ここはセレクトショップという印象を持たれがちなんですけれども、実はセレクトショップではございません。ファブレスではあるんですが、全国で800社ぐらい、800の作り手のみなさまと、商品の企画と製造という商品開発を一緒にさせていただいて。

それを店頭に並べて販売しているということで、SPAと呼ばせていただいています。これが事業の主としての工芸SPAですね。こちらはどちらかというと、一緒にモノづくりをするというプロセスを通じて、日本全国の手仕事、あるいはモノづくりのメーカーさんを支援しているという営みです。

もう1つの産地支援というのは、ちょっと違った切り口です。コンサルティングや経営支援のようなかたちで、日本の工芸メーカーを元気にできないか、という意味合いで行っている事業でして。
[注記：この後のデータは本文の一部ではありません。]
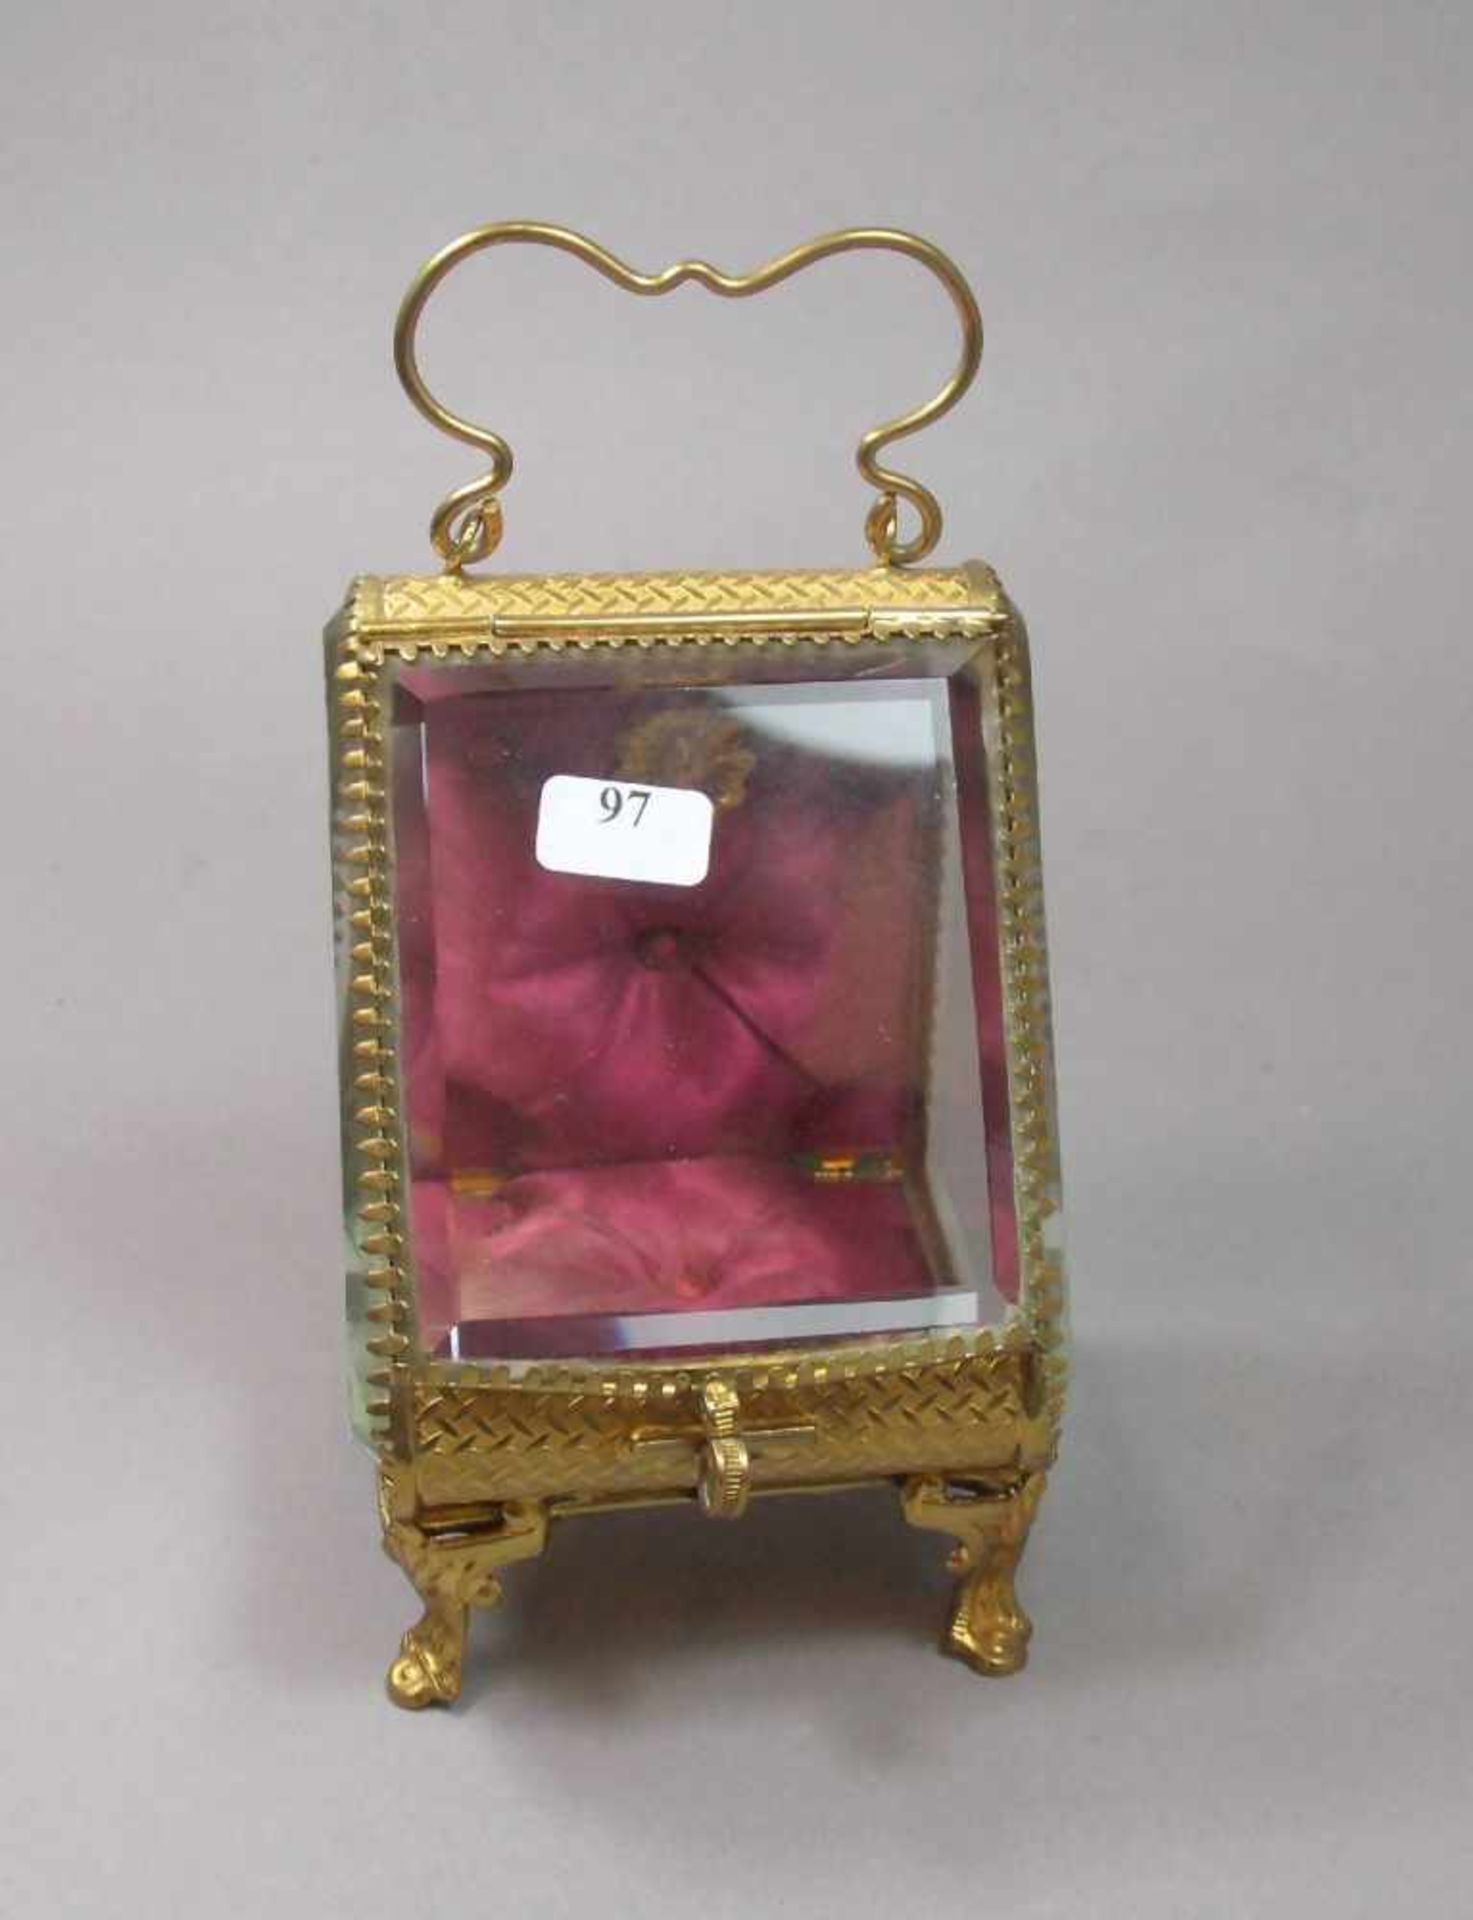 TASCHENUHRENHALTER / TASCHENUHRENSTÄNDER / pocket watch holder, um 1900, vergoldete

産地やその中のメーカーさんに対するコンサルティング、あるいは販路の支援、採用のサポートなど、いわゆる経営全般のサポートをさせていただいて、少しでも産地やメーカーさんと我々の会社が一緒に手を取り合って発展していけるような世界を作っていきたいなと思っています。

そのために目指しているところが、「日本の工芸を元気にする!」です。そんなことをビジョンとして標榜しながらやっている会社でございます。

中川政七商店が直営事業に踏み出した理由

坊垣:ありがとうございます。ちょっと差し込んでいいですか?

荻野:はい。

坊垣:今のお話を聞くと、基本的にはモノづくりから始まっていて、実際に商品をメーカーさんと一緒に作っていくところがメインなのかなと思いまして。そこからさらに小売までやられている理由はなんでしょうか?

荻野:小売というのは、直営店?

坊垣:そうです。

荻野:なるほど。もともと直営店を始めたのは、自分達の足で立って事業をしていきたいという想いですね。もともとは、卸を中心にやってきていたんですよ。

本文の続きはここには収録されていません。